Она скользнула взглядом по лицам людей, стоящих у гроба. Тетя Надя, очень бледная, с мертвыми, прикрытыми глазами. Почти в обмороке. У нее убили единственного сына. Дядя Костя — весь в слезах, но лицо свежее, легкий, уже стариковский румянчик. Что-то в нем появилось от открыточного Санта-Клауса к старости.
Кате стало неловко. Ну почему она так не любит своего свекра? Не осуждает, а именно не любит, без всяких разумных объяснений. Маргоши не видно. Она где-то в глубине, в задних рядах. Она тактично стушевалась, давая родителям побыть рядом с сыном в последний раз.

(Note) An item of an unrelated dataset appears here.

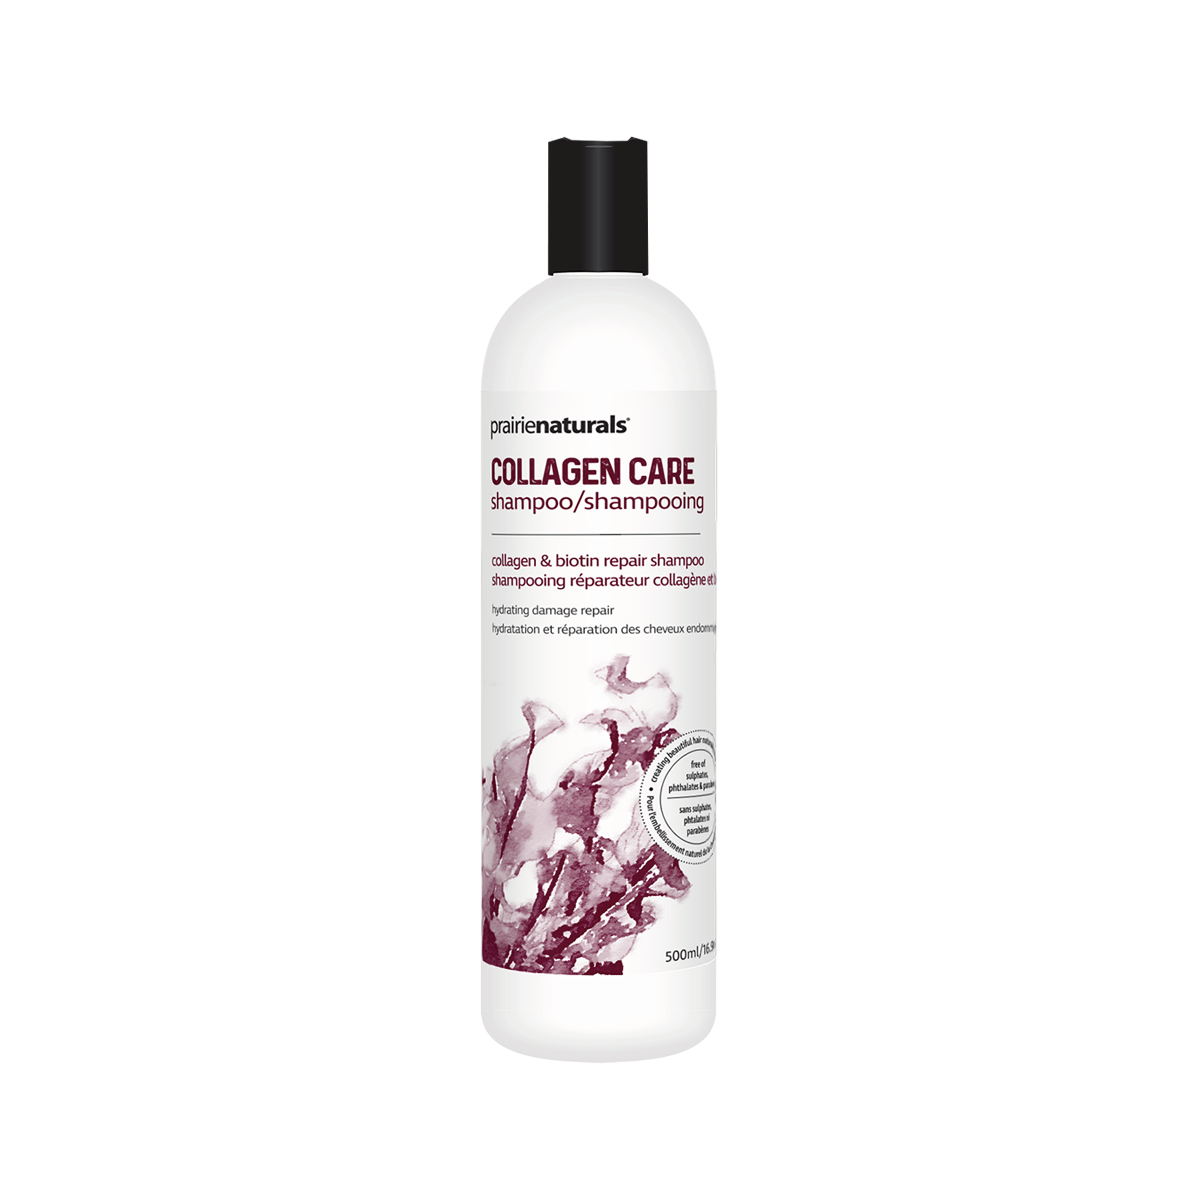 Prairie Naturals Collagen Care Marine Collagen & Biotin Shampoo / Shampooing 500ml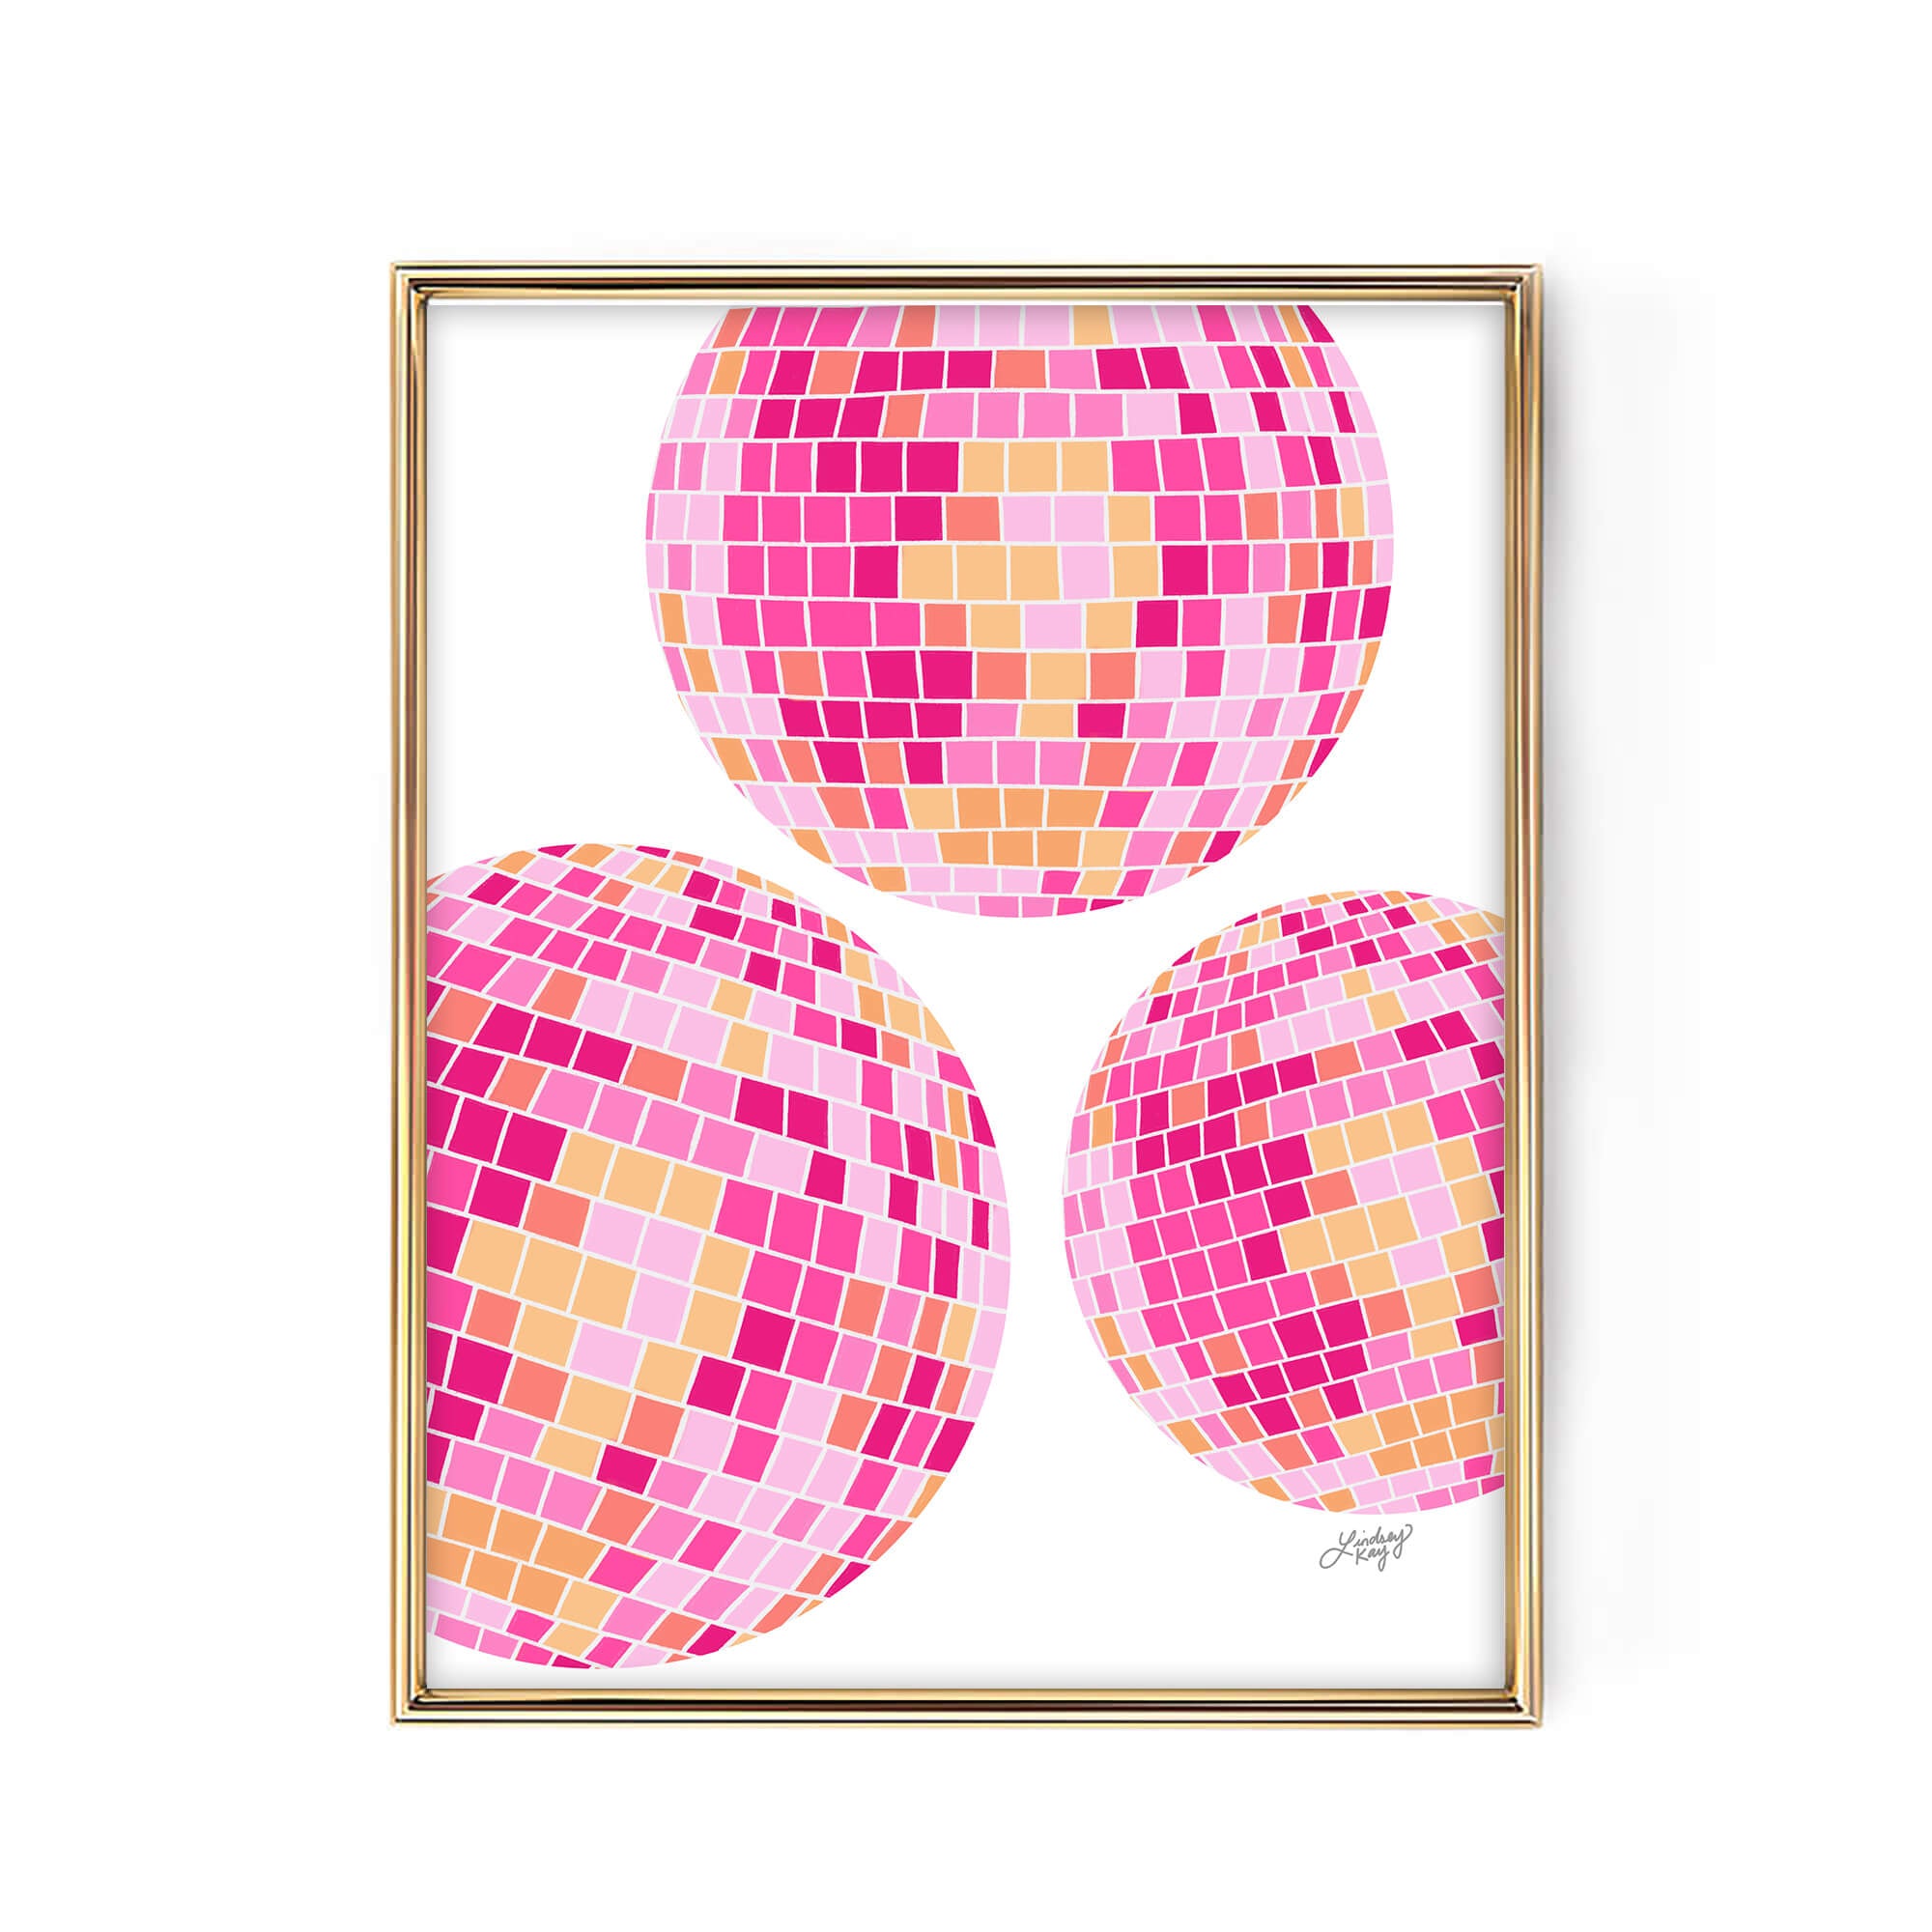 Ilustración de bolas de discoteca (paleta rosa/naranja) - Impresión de arte

Лунек, как всегда, подтянутый, гладкий. Но вместо обычной кожанки — строгий темно-серый костюм. Лицо напряженное, мрачное, глубокая морщина между бровей. Наверное, он думает сейчас почти так же, как Катя: «Кто заказал? Кто выстрелил?» Ему это не все равно. Надо рассказать ему про бомжа Бориску. Пусть Лунек тоже ищет убийцу своими средствами. И милиции надо рассказать. Но потом, позже. Не важно, кто найдет убийцу. Главное, чтобы он получил свое. Он? Или она? Неужели все-таки эта несчастная Оля?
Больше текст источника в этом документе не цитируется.